Would it achieve the purpose of marriage equality for the president
to back it now? Would is t advance to have a year or two ahead of its
current phase of acceptance? Or would it simply incur casualties in the
cause? The loss of several more culturally conservative states, including
North Carolina or Ohio or cost Obama even a surprising state, like
Pennsylvania?

Would that advance the cause or would it solidify the Republican
opposition because they would owe it big time? Would it put Mitt Romney in
the White House? Someone who just said he would never give up his
opposition to same-sex marriage?

I believe that president: (a), knows more about his political
challenges than the rest of us and, (b), is basically liberal on such
matters. I can`t read his mind or heart but I can judge him as a person,
and he is not the sort to condemn people for how they were born and to how
the love they know and the love they know because of who they are.
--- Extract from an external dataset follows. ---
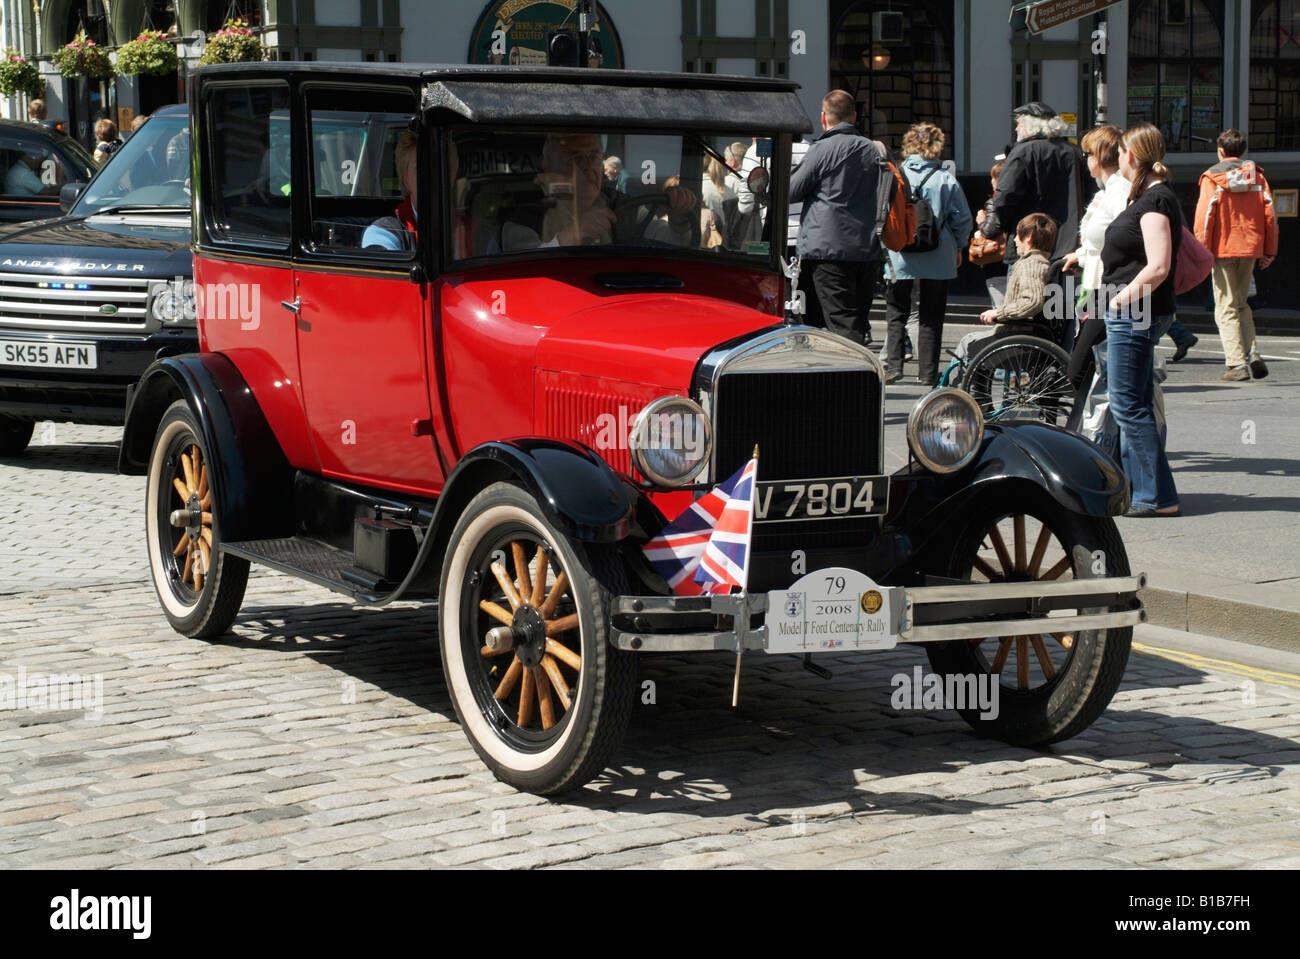 A 1926 Model T Ford tudor sedan taking part in the 2008 Centenary Rally, Edinburgh (editorial only). Stock Photo
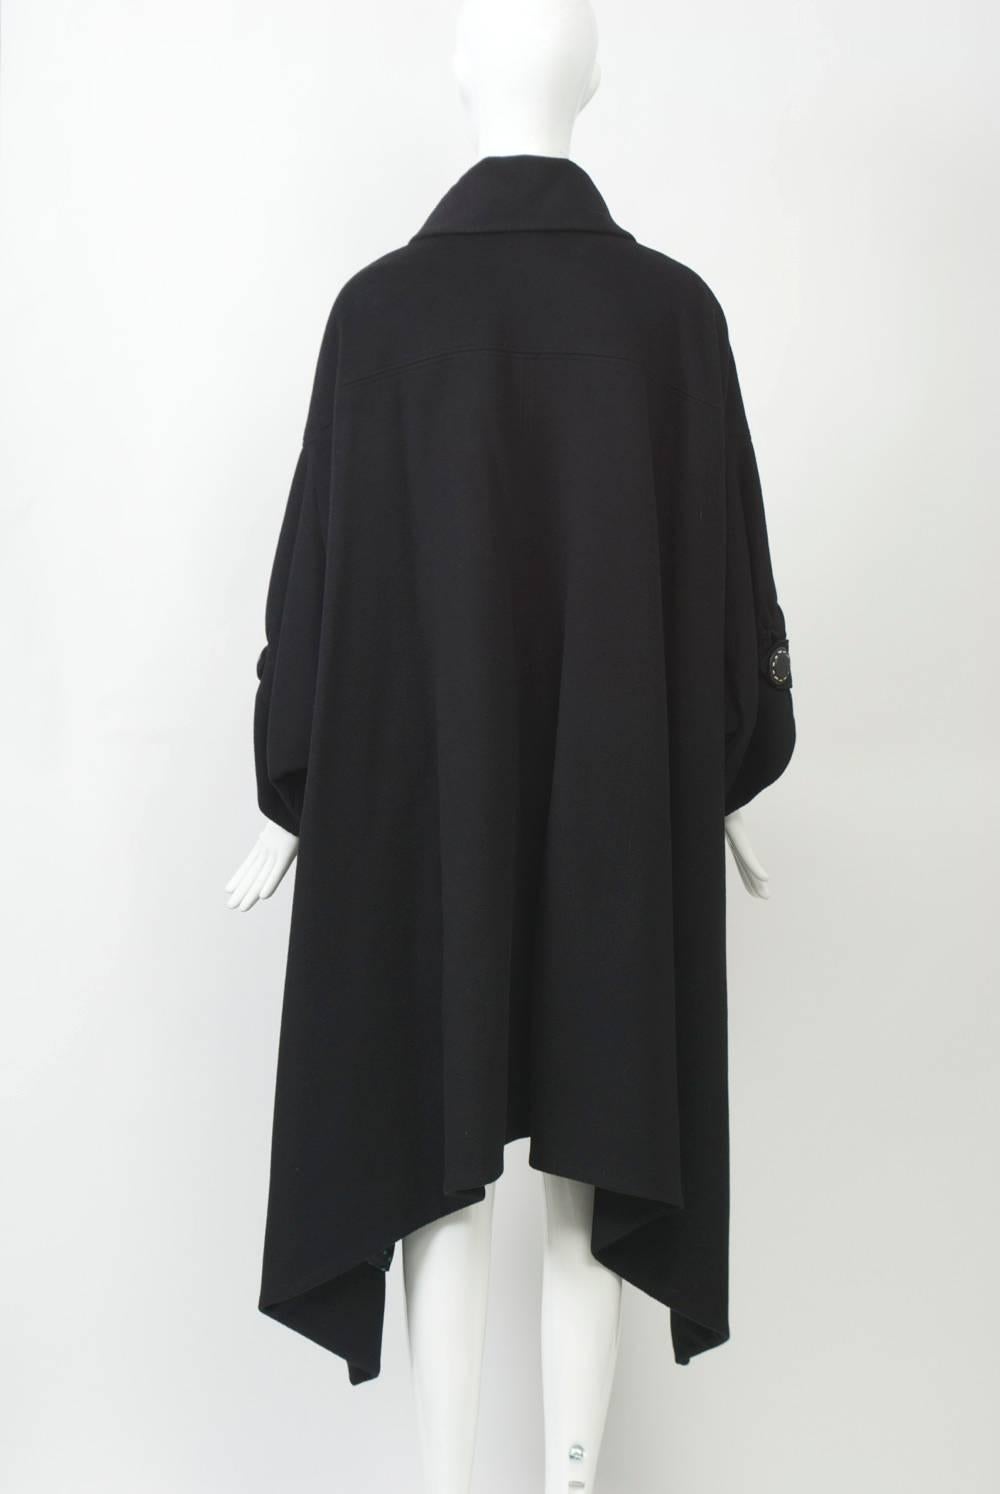 Kenzo Black Cashmere Coat 1

The statement that he is evolving places the president in sync with
many Americans. If he is at a further stage or at a further stage of
evolution than he is willing to admit, that is not a point on which to
decide against him. It`s a far stronger reason to vote against his
opponent whose evolution, as he just declared, is not existent.

That`s HARDBALL for now. Thanks for being with us.

"POLITICS NATIION" with Al Sharpton starts right now.